Open-source: Calculate a fingerprint for each document, and then use the fingerprint for similarity calculation, including source code and executable programs

Source: Internet
Author: User

Open-source: Calculate a fingerprint for each document and then use the fingerprint for similarity calculation

TextsimilarityTextsimilarity =
New Textsimilarity();

// ComputingArticleSimilarity fingerprint

IntSourcefingerprint = textsimilarity. calctextfingerprint (sourcetext );

IntDestfingerprint = textsimilarity. calctextfingerprint (desttext );

// Compare the fingerprint to calculate the similarity

VaRSimilarity = textsimilarity. calctextsimilarity (sourcefingerprint, destfingerprint );

......

 

Let's analyze Baidu news by the way.

How many identical news entries are shown in the figure?

Let's click here to see how this retrieval command works.

You can see that this command is clearly used to determine whether the fingerprints are the same according to the document. If the fingerprints are the same, the news content must be roughly the same.


Look at this.CodeThe computed fingerprint.

You may feel this way, right?


If you know programming, you can download the code, compile it, and run it.

Http://pan.baidu.com/share/link? Consumer id = 314821 & UK = 201606611

If you are not familiar with programming, you can download, install, and run it!

Http://pan.baidu.com/share/link? Consumer id = 314822 & UK = 201606611

Please contact me if you have any questions: 74965947,721 33568,27236303, 16592133,204725117, 204724518

Contact Us

The content source of this page is from Internet, which doesn't represent Alibaba Cloud's opinion; products and services mentioned on that page don't have any relationship with Alibaba Cloud. If the content of the page makes you feel confusing, please write us an email, we will handle the problem within 5 days after receiving your email.

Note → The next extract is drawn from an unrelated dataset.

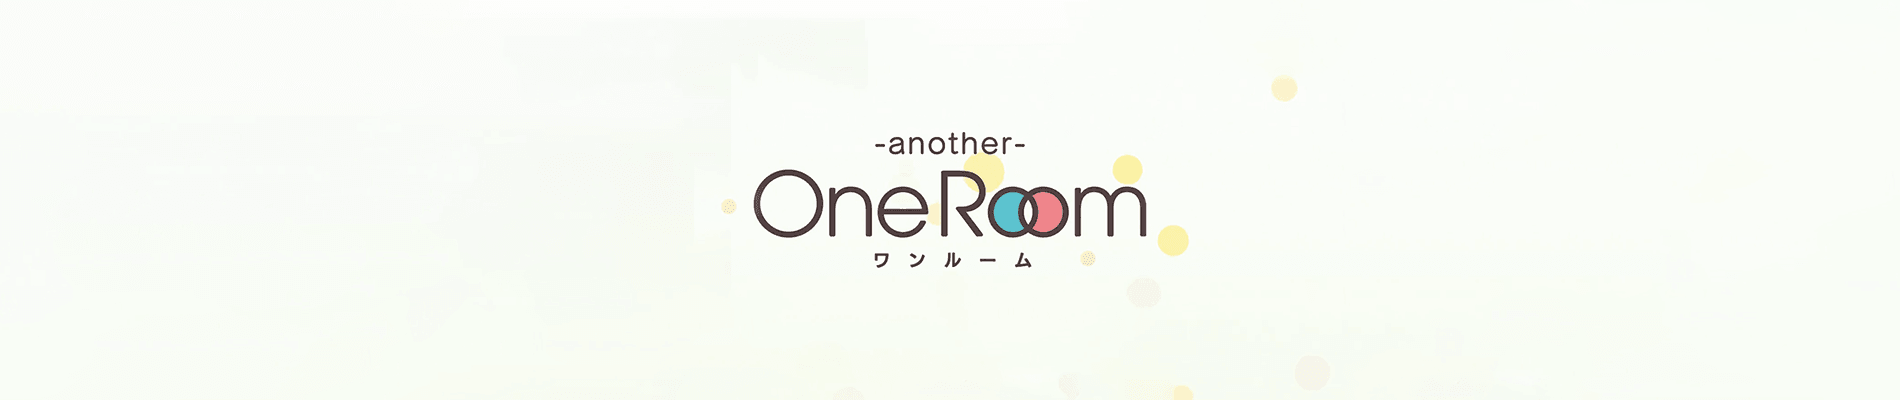 One Room (OneRoom) · AniList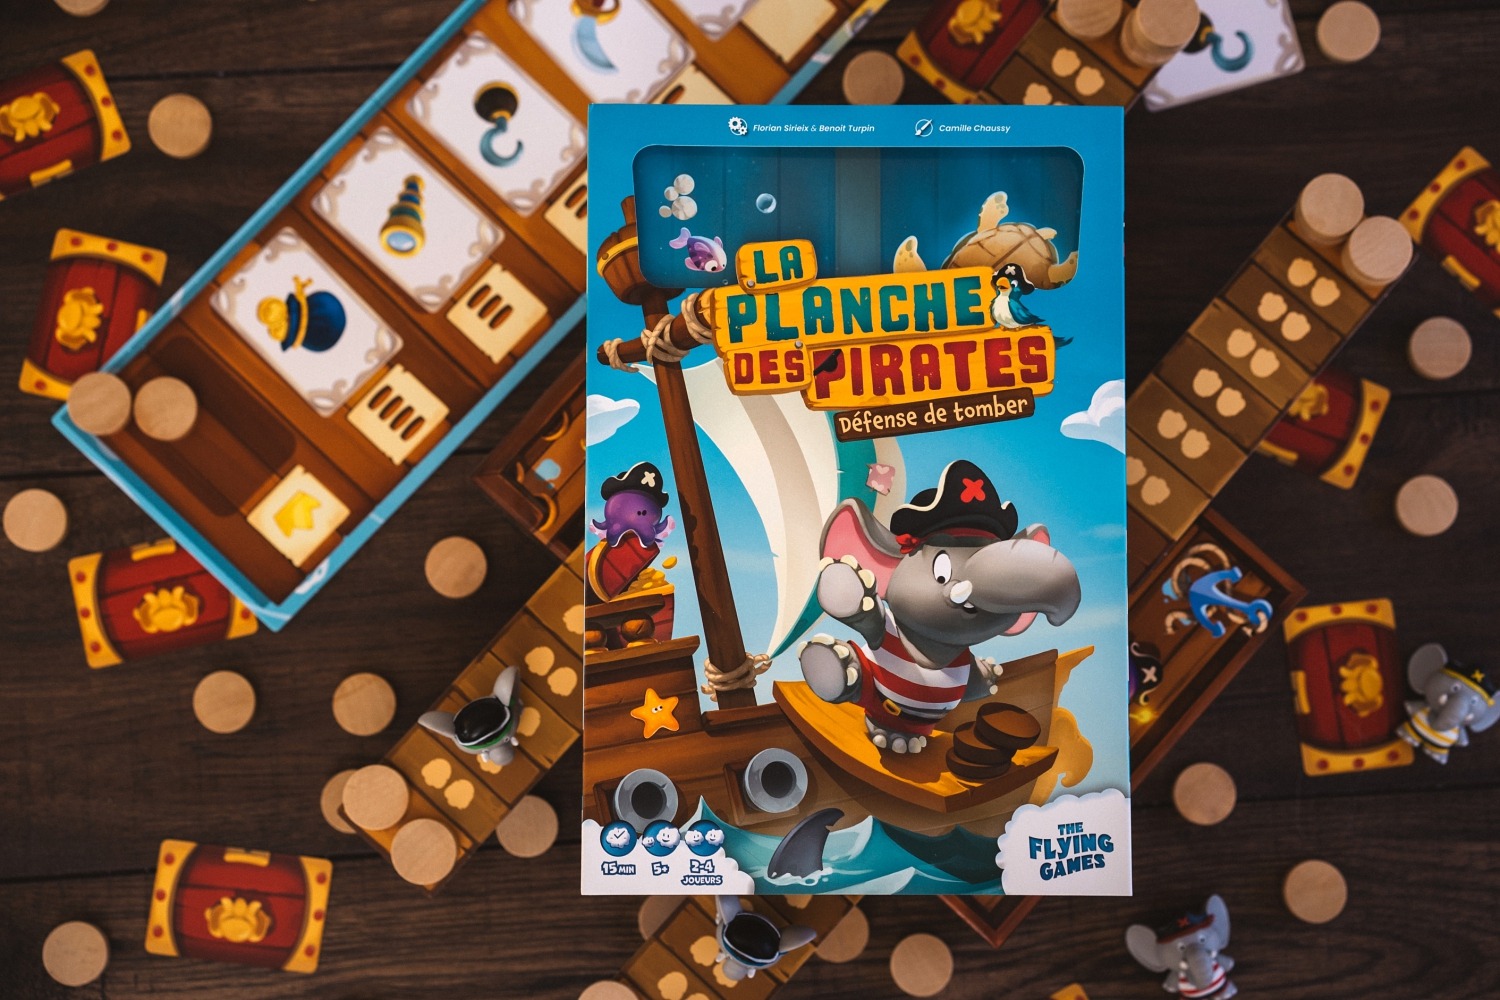 La planche des pirates the flying games jeu de société

If you find any instances of plagiarism from the community, please send an email to: info-contact@alibabacloud.com and provide relevant evidence. A staff member will contact you within 5 working days.

A Free Trial That Lets You Build Big!

Start building with 50+ products and up to 12 months usage for Elastic Compute Service

  • Sales Support

    1 on 1 presale consultation

  • After-Sales Support

    24/7 Technical Support 6 Free Tickets per Quarter Faster Response

  • Alibaba Cloud offers highly flexible support services tailored to meet your exact needs.